The second reading for this week, as you may have guessed, represents the other way theory is typically utilized in quantitative agricultural communications research. The Hall and Rhodes study was built upon the theory of planned behavior and the theory of diffusion of innovations. You will notice the researchers’ objectives tie to specific components of the these theories. As you compare the objectives from the other reading, you will notice that the Baker et al. reading’s objectives do not tie to theory.

Both types of application of theory are important for the field of agricultural communications. As scholars, we should strive to always include a theoretical or conceptual framework for our research. In some cases the research questions or objectives we have may lend themselves to testing theory. As you are reading about a theory, you are likely asking yourself questions like “I wonder if this theory would hold true in a family-farm setting or in my place of business or home?” A study with objectives designed to answer those questions would fall into the model of basing a study on a theory and testing the theory. In other cases our research questions or objectives may be more applied like “I wonder how farmers perceive the organization I work for?” It is quite likely that theory will inform this question, but unlikely that a study designed to answer this question would test a specific theory.

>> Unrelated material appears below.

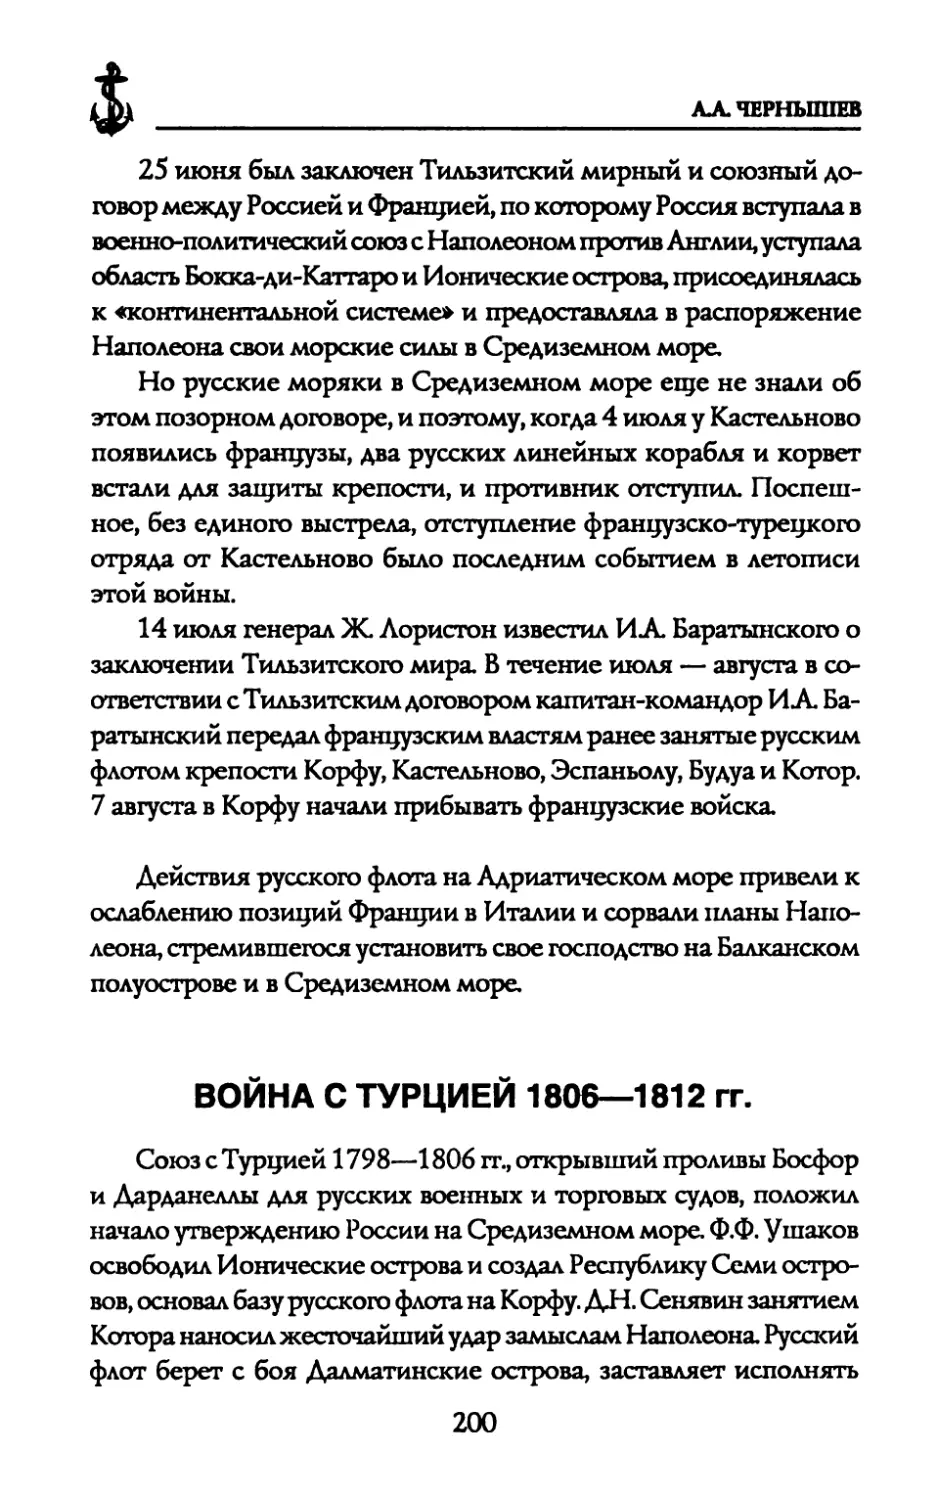 ВОЙНА С ТУРЦИЕЙ 1806—1812 гг.

At this point, you are all extremely familiar with the theory you used for your in-depth analysis of a theory assignment. You know where there may be gaps to be tested or how it might inform future studies. For discussion this week, write two research objectives: one that will be informed by the theory you used in your in-depth theory assignment and one that is designed to test the theory (possibly in a new context or with a new audience). Use the objectives in this week’s readings as examples to guide you. Remember to remind everyone what theory you are using and explain how each objective fits into the category you are assigning it. I recognize your posts may be much shorter this week, but I also know that writing quality objectives will take up a fair amount of time. I look forward to reading your objectives!

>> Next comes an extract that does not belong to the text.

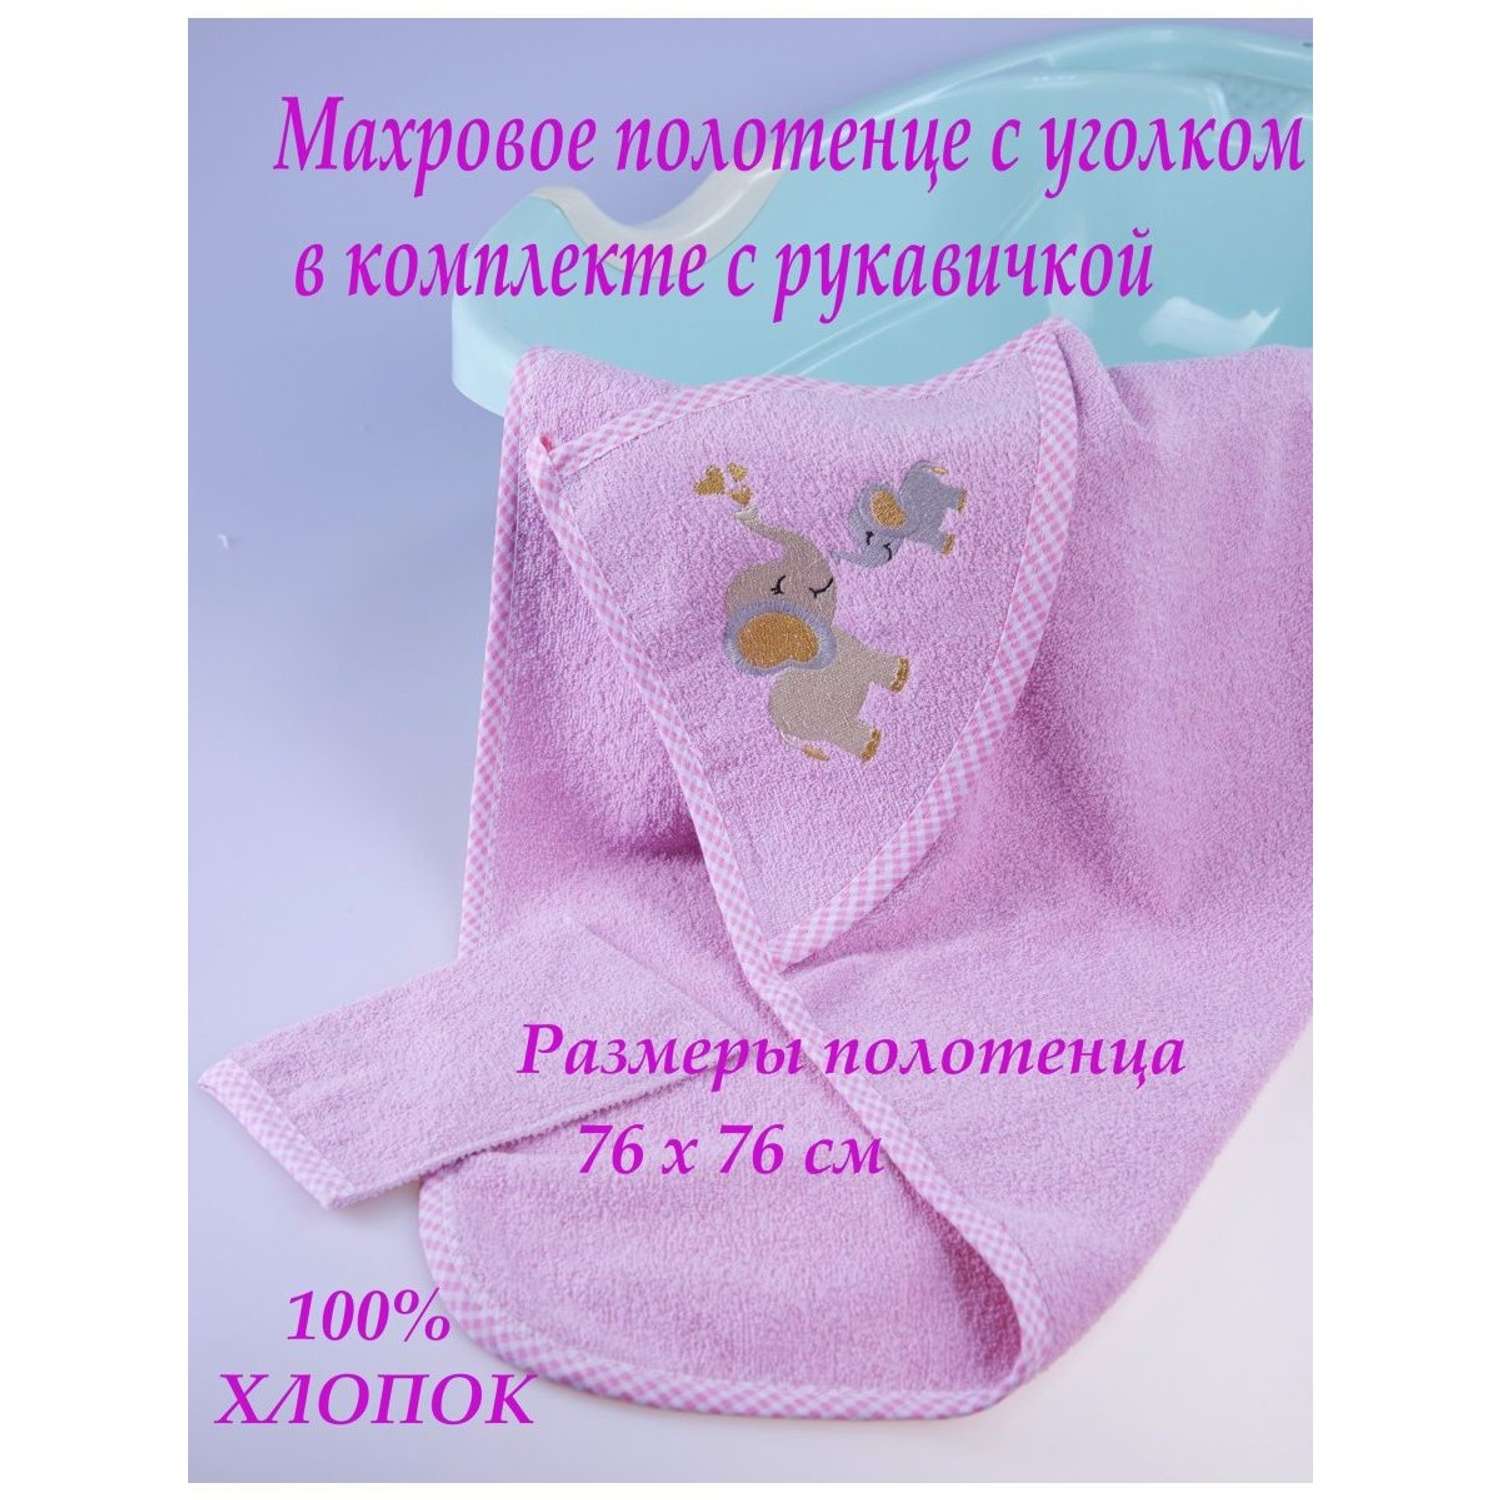 Набор для купания малыша M-BABY махровое полотенце с уголком и рукавичка 100% хлопок слоники/розовый - фото 2

The JAC article you read for qualitative research this week, is an excellent example of how theory is used in qualitative research. Qualitative research, as you may remember form your research methods courses, is not used to test theory. That is not to say that we don’t use theory in qualitative research designs. We certainly do! We typically use theory in qualitative research to inform our research studies. As scholars we want to continually build on previous knowledge, so we need to continually evaluate how theory applies to our research. You will notice in the article this week, that instead of objectives the authors used research questions. This is common in qualitative studies. You can use objectives in qualitative research, but it is more typical to see research questions. You may also have noticed that the questions are extremely broad in nature. This is also typical. While theory and previous research inform the study, there are still a lot of unknowns which is why the authors chose a qualitative research design.

There is another way in which theory can be used in qualitative research. This is through grounded theory. This is almost a reverse process of how we typically use theory. In grounded theory research, the researchers are actually systematically developing new theory in the analysis process. Research questions in this case are extremely broad, as no theory has come before to assess what is happening in this particular area of study.

I have really enjoyed reading your objectives over the previous weeks, and would like to continue our discussion with research questions. This time, let’s again use the theory you used for your in-depth analysis of a theory assignment and the theory you peer reviewed.  For discussion this week, write two research questions: one that is informed by the theory you used in your in-depth theory assignment and one that is informed by the theory you were assigned to peer review. Use the research questions in this week’s readings as examples to guide you. Remember to remind everyone what theories you are using. Think broad – tie in larger questions that are informed by the theory, but not directly testing it. I am looking forward to reading how you can adapt your research questions, or develop new ones for qualitative research.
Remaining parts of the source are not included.